Regular repayments, realistic EMI planning, and timely monitoring of credit reports ensure long-term financial stability. For borrowers working towards home ownership, institutions such as Grihum Housing Finance emphasise disciplined repayment as a foundation for sustainable lending and responsible credit growth.
FAQs
1. What does DPD mean in a CIBIL report?DPD stands for Days Past Due. Put simply, it indicates the number of days a payment was delayed beyond the due date.
2. Where can I find the DPD value in my CIBIL report?You can find the DPD value in the Payment History section of each loan or credit card account.
3. What is considered as 30 Days Past Due in CIBIL?A payment that is delayed by 30 days from the due date is recorded as 30 Days Past Due.
4. Which DPD values are considered negative in a CIBIL report?Any DPD value apart from “000” or “XXX” is typically considered negative.
5. For how long does DPD remain visible on a credit report?DPD records will stay visible for about 36 months (three years).

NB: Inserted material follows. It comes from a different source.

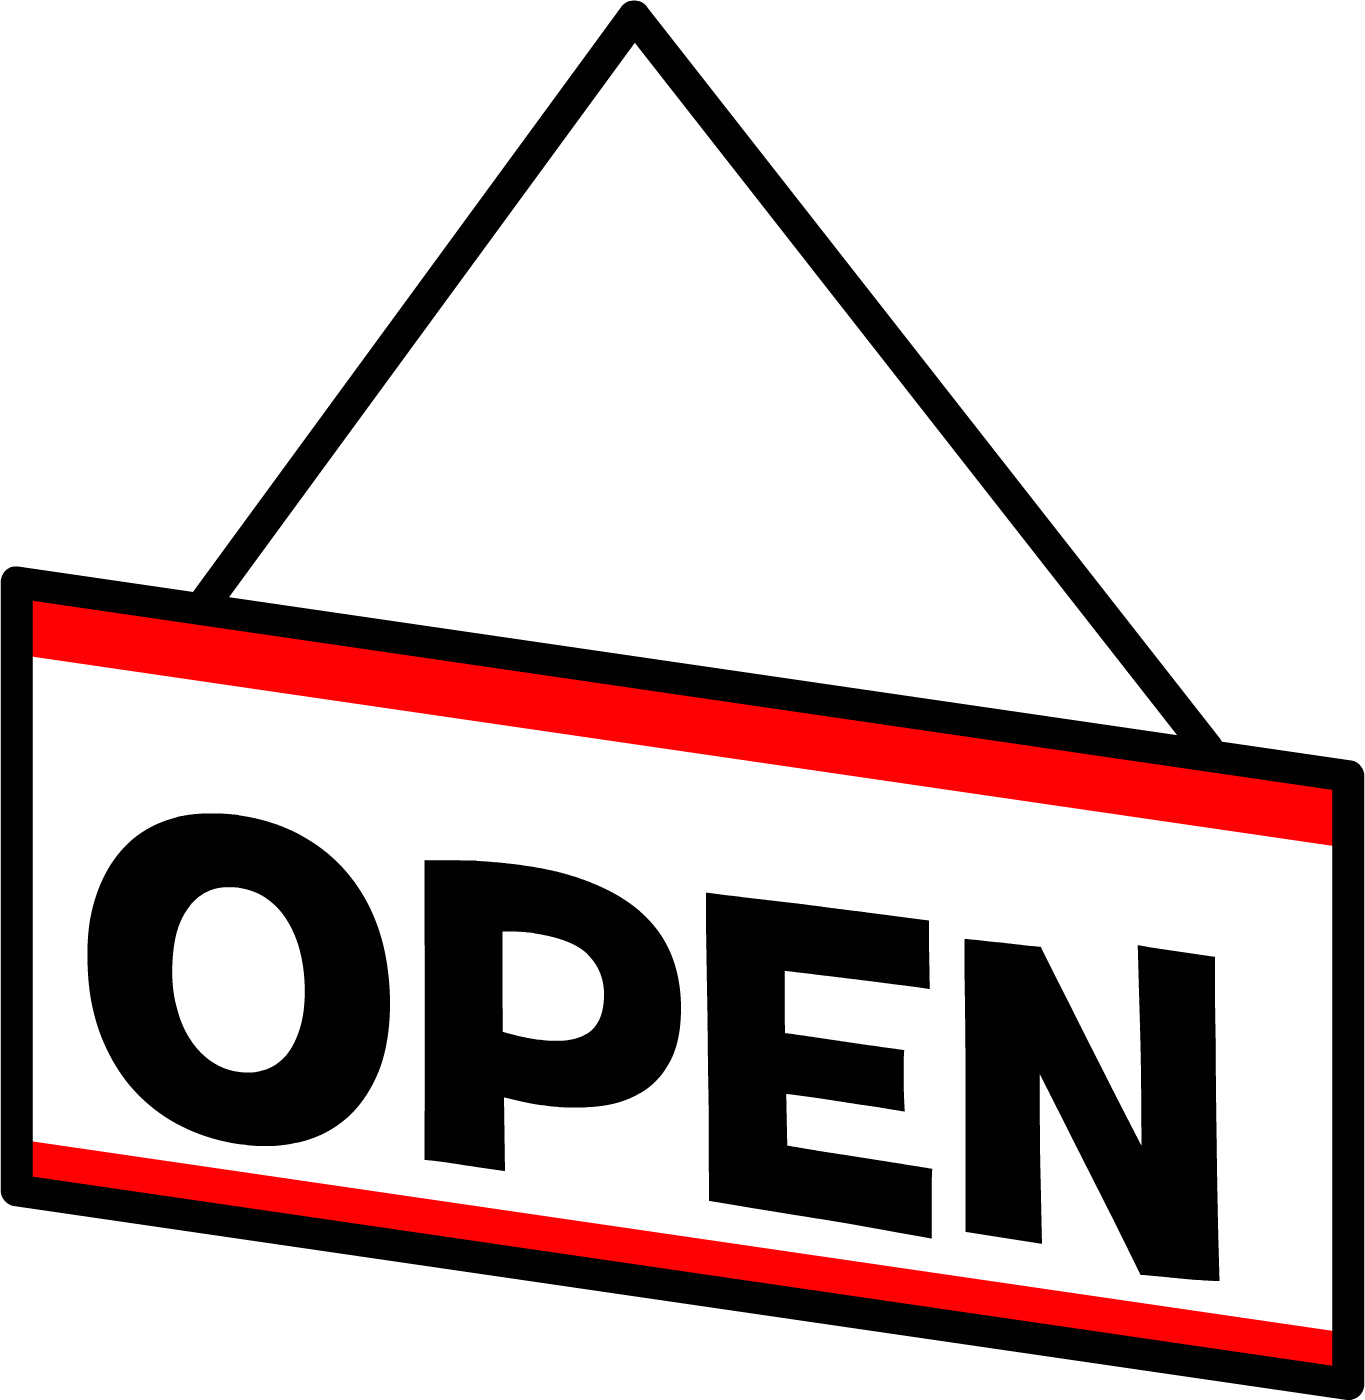 Open-closed Sign Sprite 005 - Portable Network Graphics (1365x1400)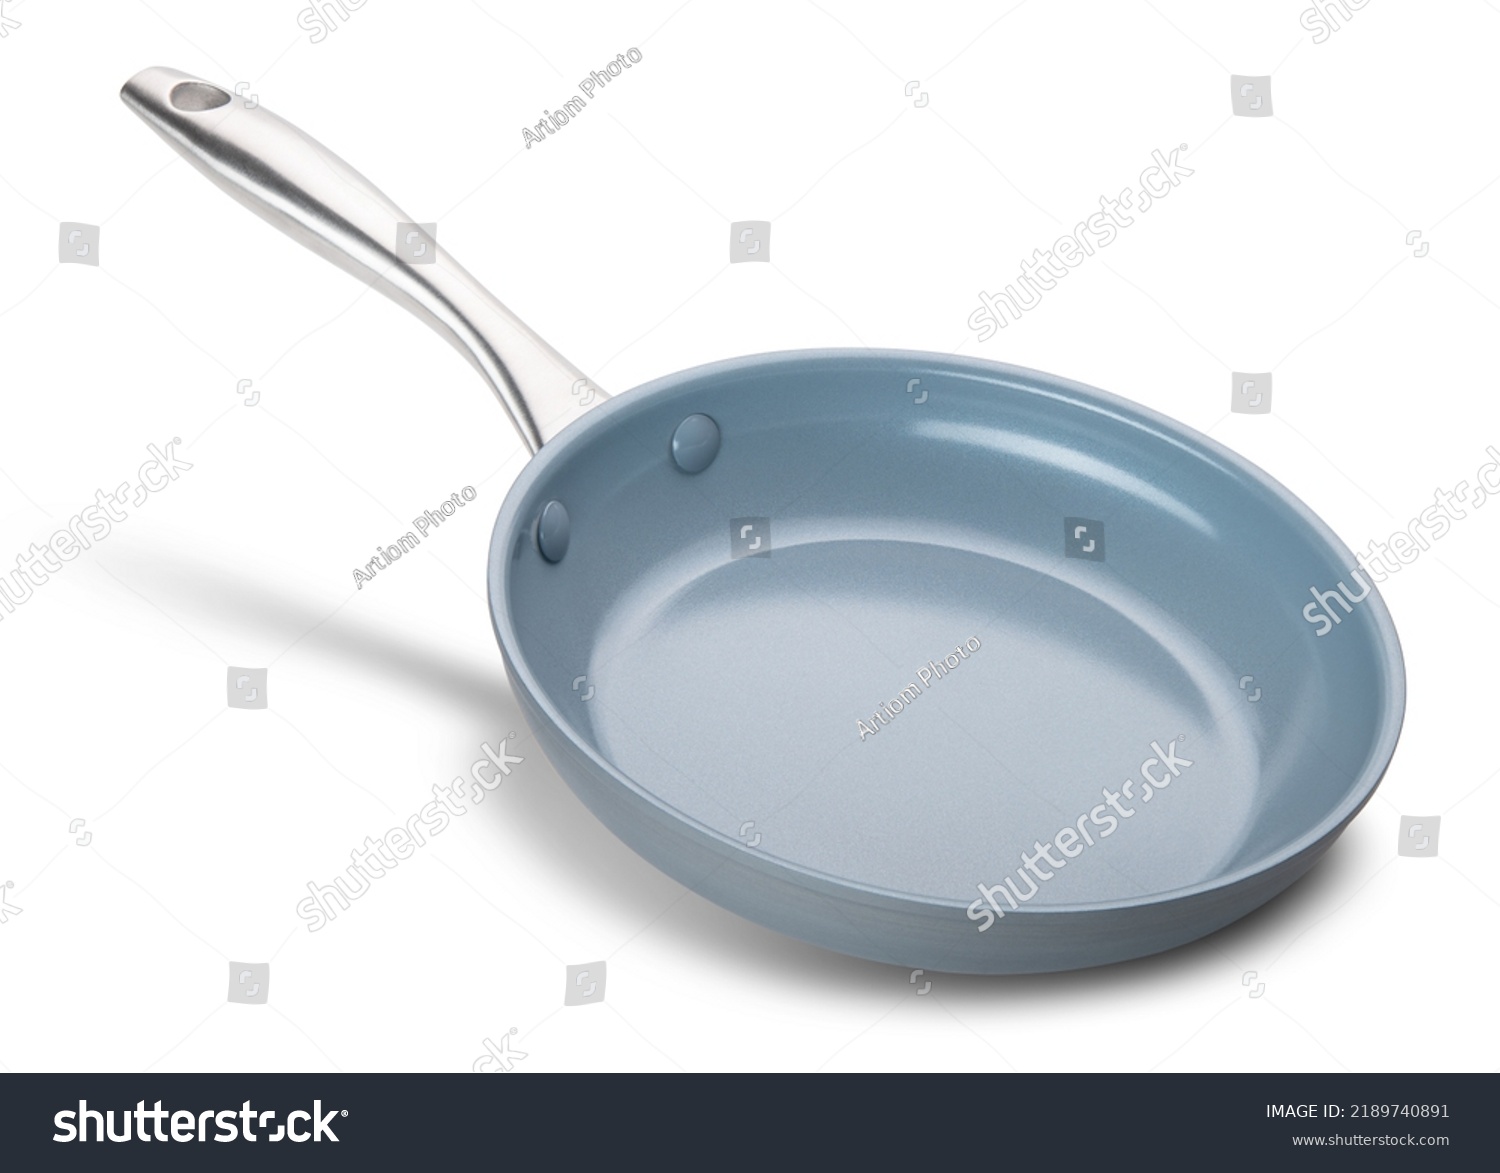 Frying pan. Ceramic Nonstick with stainless steel handle. Fry pan for cooking. Gray ceramic coating. Free of PFAS, PFOA, lead and cadmium. White  isolated background. High quality and resolution photo #2189740891

6. Can DPD be removed from a CIBIL report?It is generally not possible to remove genuine DPD entries. However, incorrect ones can be disputed and corrected.
7. How is DPD different from a credit score?Primarily, DPD shows payment delays. On the other hand, a credit score reflects overall creditworthiness.
8. How is DPD calculated?DPD = Number of days from due date to payment date.
9. Why is DPD important for credit reports?DPD clearly showcases the repayment behaviour of individuals and directly impacts loan approval decisions.
10. Can I get a loan if my CIBIL report shows DPD?It is still possible to get a loan, but DPD significantly reduces the approval chances and can increase interest rates as well.